Entre as novidades está a criação da Comissão de Qualificação de Organizações Sociais e Cadastramento de Organizações Sociais e da Sociedade Civil (COQUALIC). O órgão ficará responsável por analisar pedidos de qualificação, administrar o cadastro das entidades, decidir sobre processos de desqualificação e fortalecer os mecanismos de controle e integridade das organizações parceiras.
Além disso, as novas normas estabelecem critérios mais objetivos para a seleção das entidades, definição de metas e indicadores de desempenho, fiscalização e prestação de contas. Os decretos também passam a reconhecer formalmente a modalidade de parceria por projeto, destinada à execução de ações com escopo, cronograma, metas e resultados previamente definidos em plano de trabalho.
Cadastro municipal
Outra medida anunciada é a criação do Cadastro Municipal de Entidades Parceiras (CMEP), que reunirá Organizações Sociais e Organizações da Sociedade Civil que já mantenham ou pretendam firmar contratos e parcerias com o município.
O cadastro permitirá o monitoramento permanente da regularidade administrativa, jurídica, fiscal, trabalhista e econômico-financeira das entidades. Para integrar o sistema, será necessário atender critérios mais rigorosos de qualificação, transparência, capacidade técnica, governança e regularidade fiscal, além de manter as informações constantemente atualizadas.
Os decretos também estabelecem regras objetivas para a desqualificação de organizações que descumprirem exigências legais, contratuais ou utilizarem recursos públicos de forma irregular.
Gestão Programada de Recursos
O pacote amplia ainda a Gestão Programada de Recursos (GPR), ferramenta criada pela Controladoria Geral do Município (CGM-Rio) para acompanhar, em tempo real, a execução financeira das parcerias firmadas pela Prefeitura com Organizações Sociais e Organizações da Sociedade Civil.

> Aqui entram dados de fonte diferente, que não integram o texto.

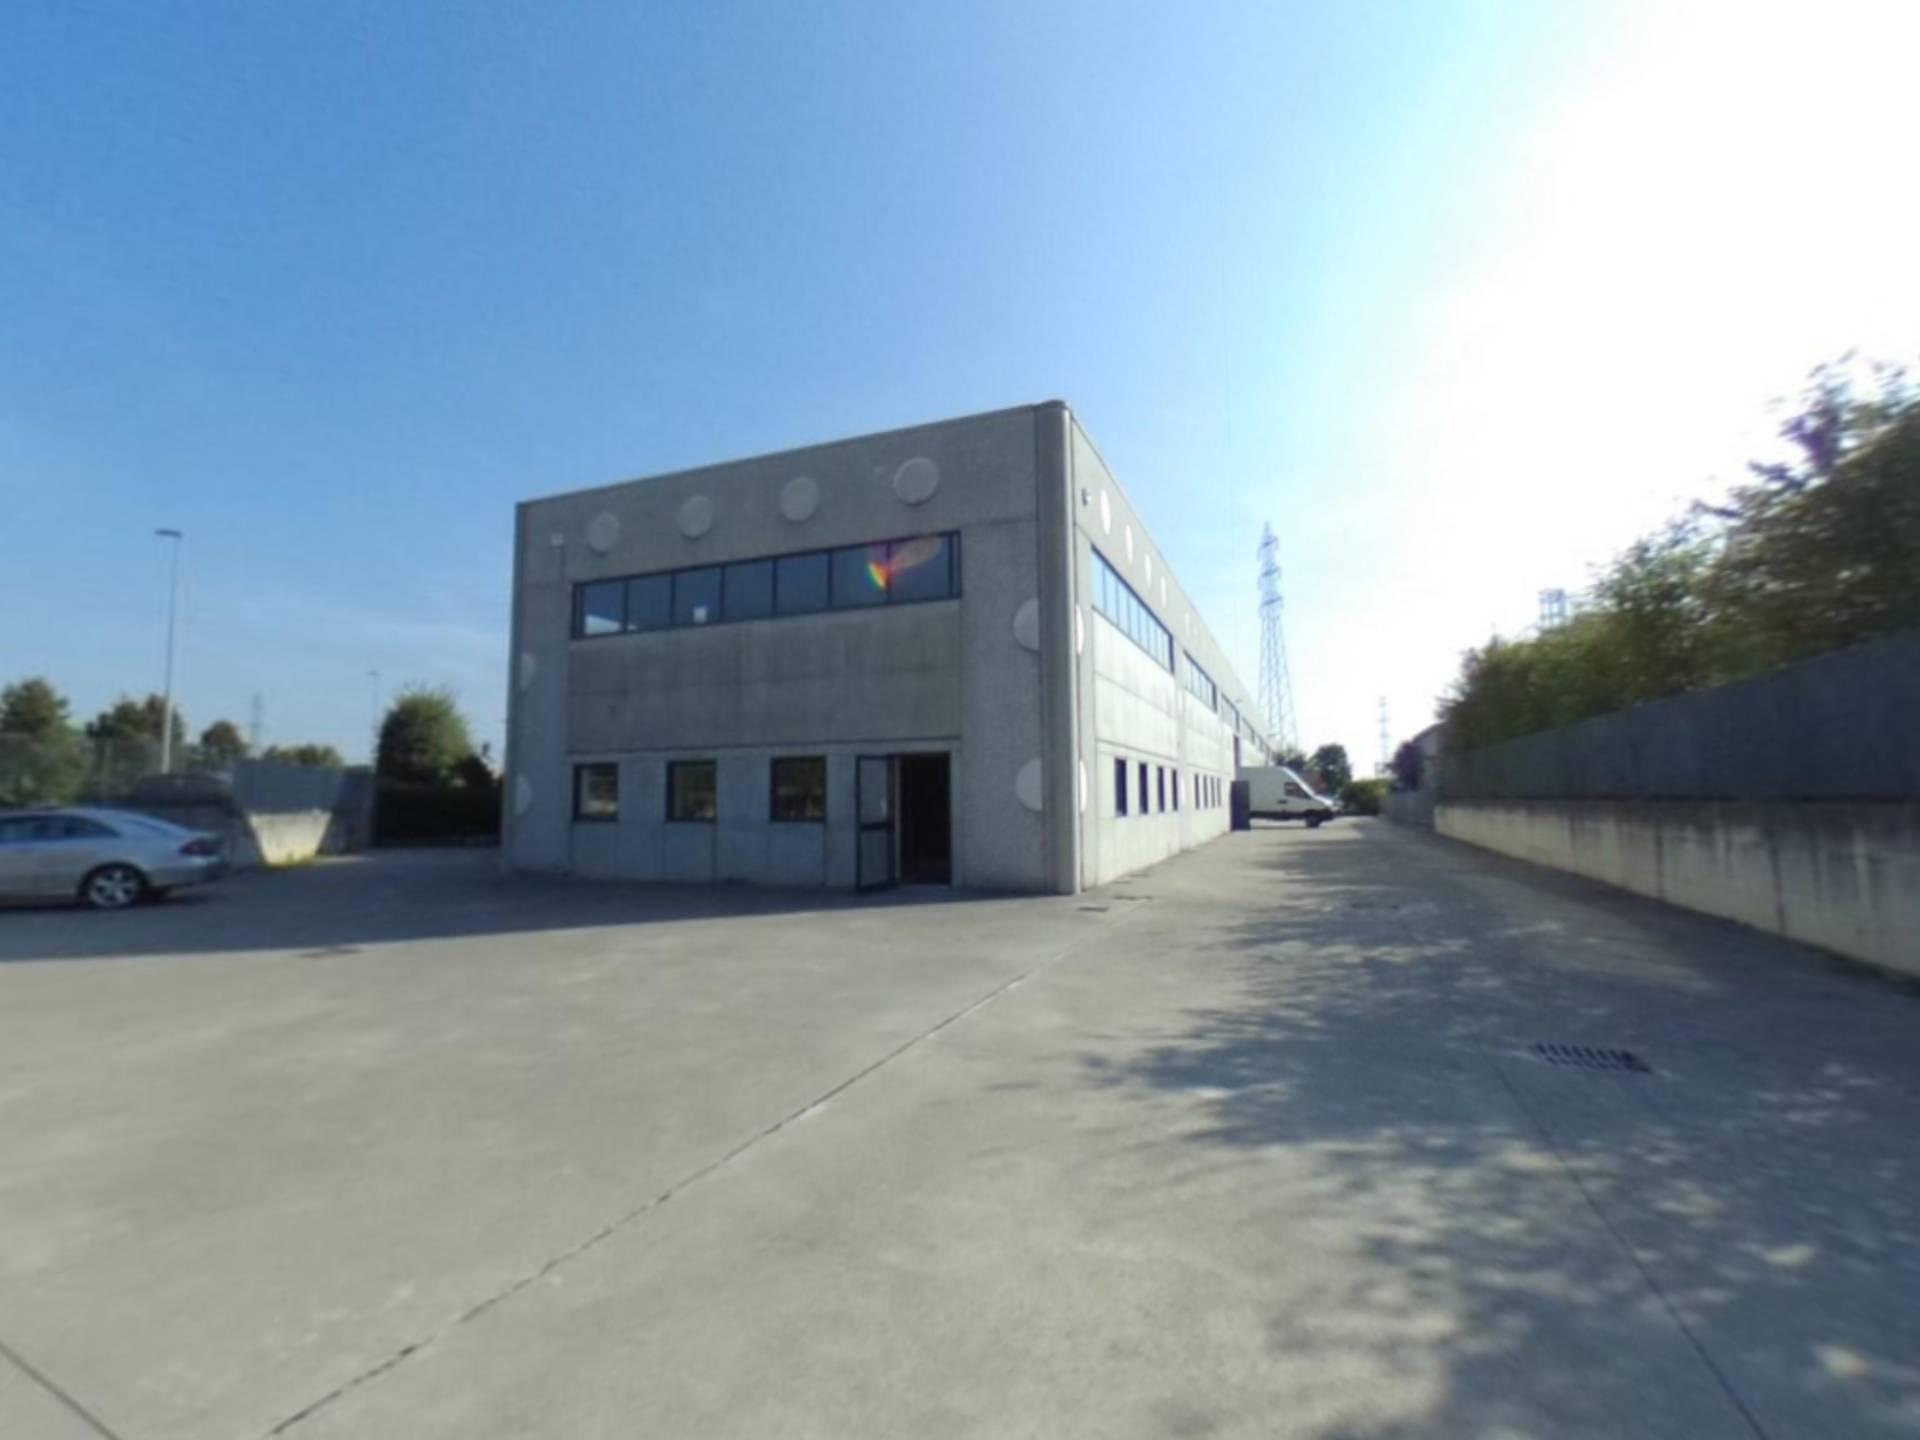 Capannone in vendita a Bagnatica, 9999 locali, prezzo € 875.000 | CambioCasa.it
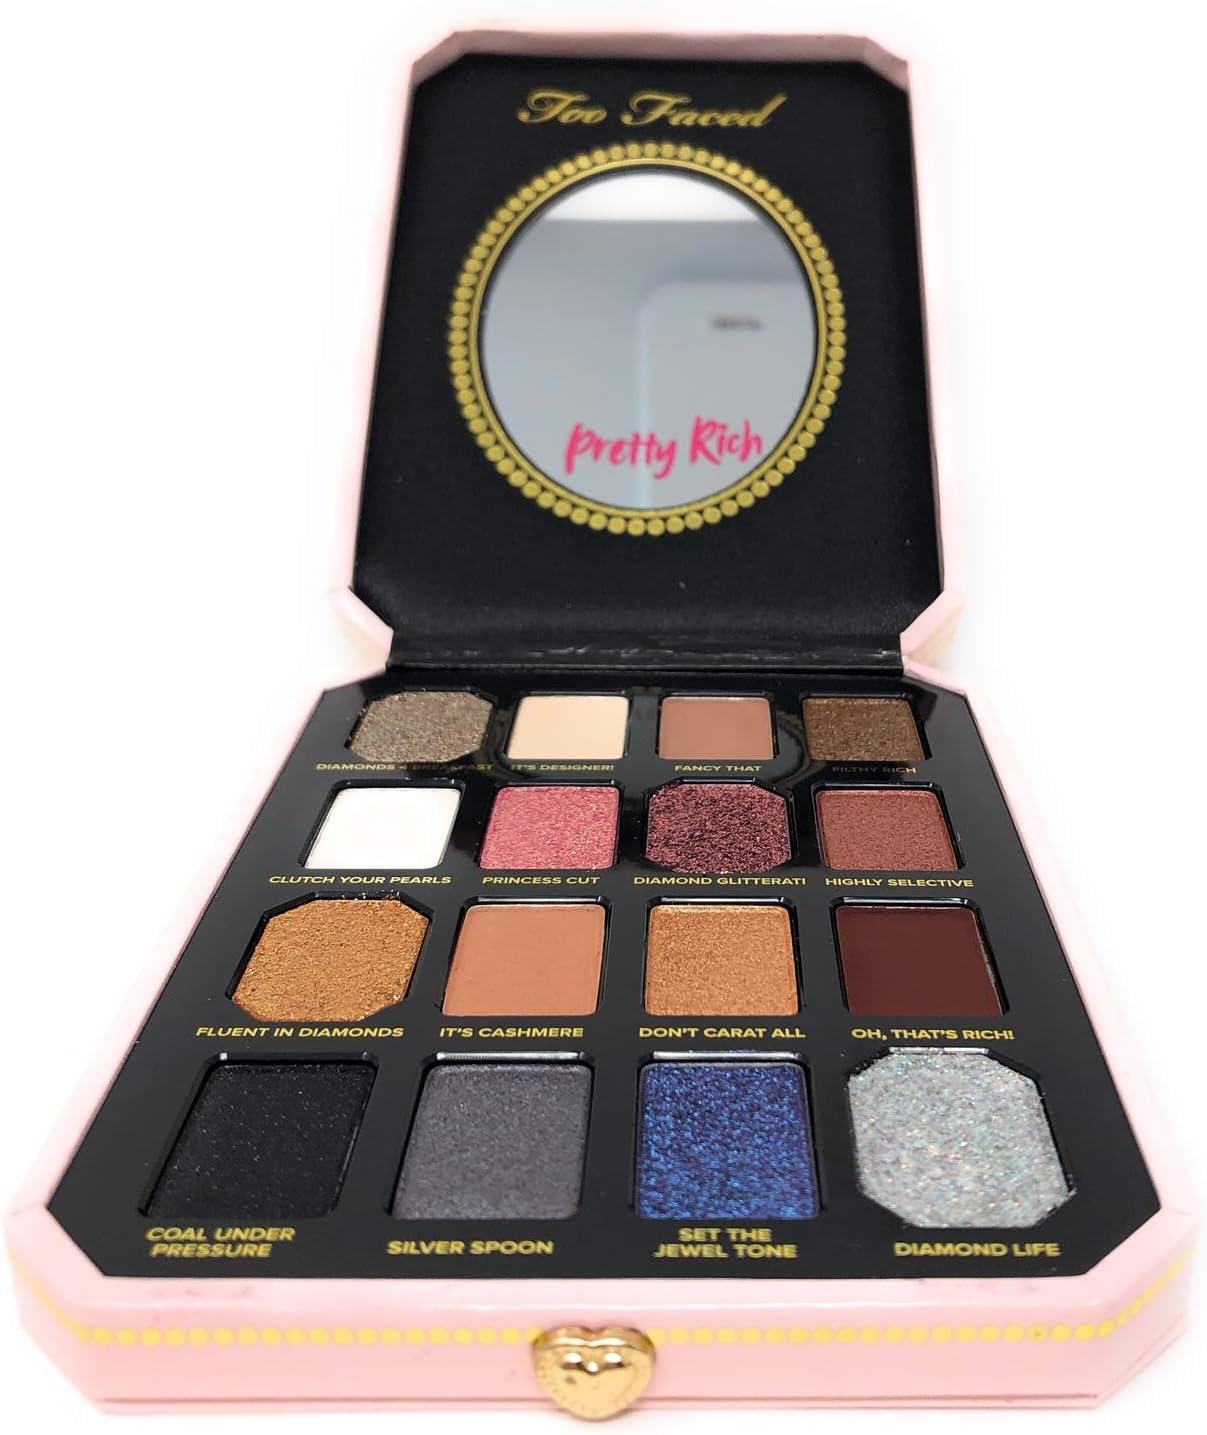 Too Faced - Pretty Rich - Paleta de sombra de ojos Diamond Light: Amazon.es: Belleza

O sistema substitui o modelo baseado apenas em fiscalização posterior por um monitoramento preventivo e contínuo, permitindo rastrear movimentações financeiras, validar documentos fiscais, acompanhar pagamentos e identificar inconsistências antes mesmo da prestação de contas. Segundo Cavaliere, a Prefeitura pretende expandir a ferramenta para que todas as entidades parceiras passem a executar recursos dentro desse ambiente de controle.
“Estamos criando um cronograma para que tenhamos 100% das organizações executando os recursos dentro da Gestão Programada de Recursos, ou seja, em um ambiente com maior controle da Prefeitura do Rio. Esse é um mecanismo de gestão dos recursos”, concluiu o prefeito.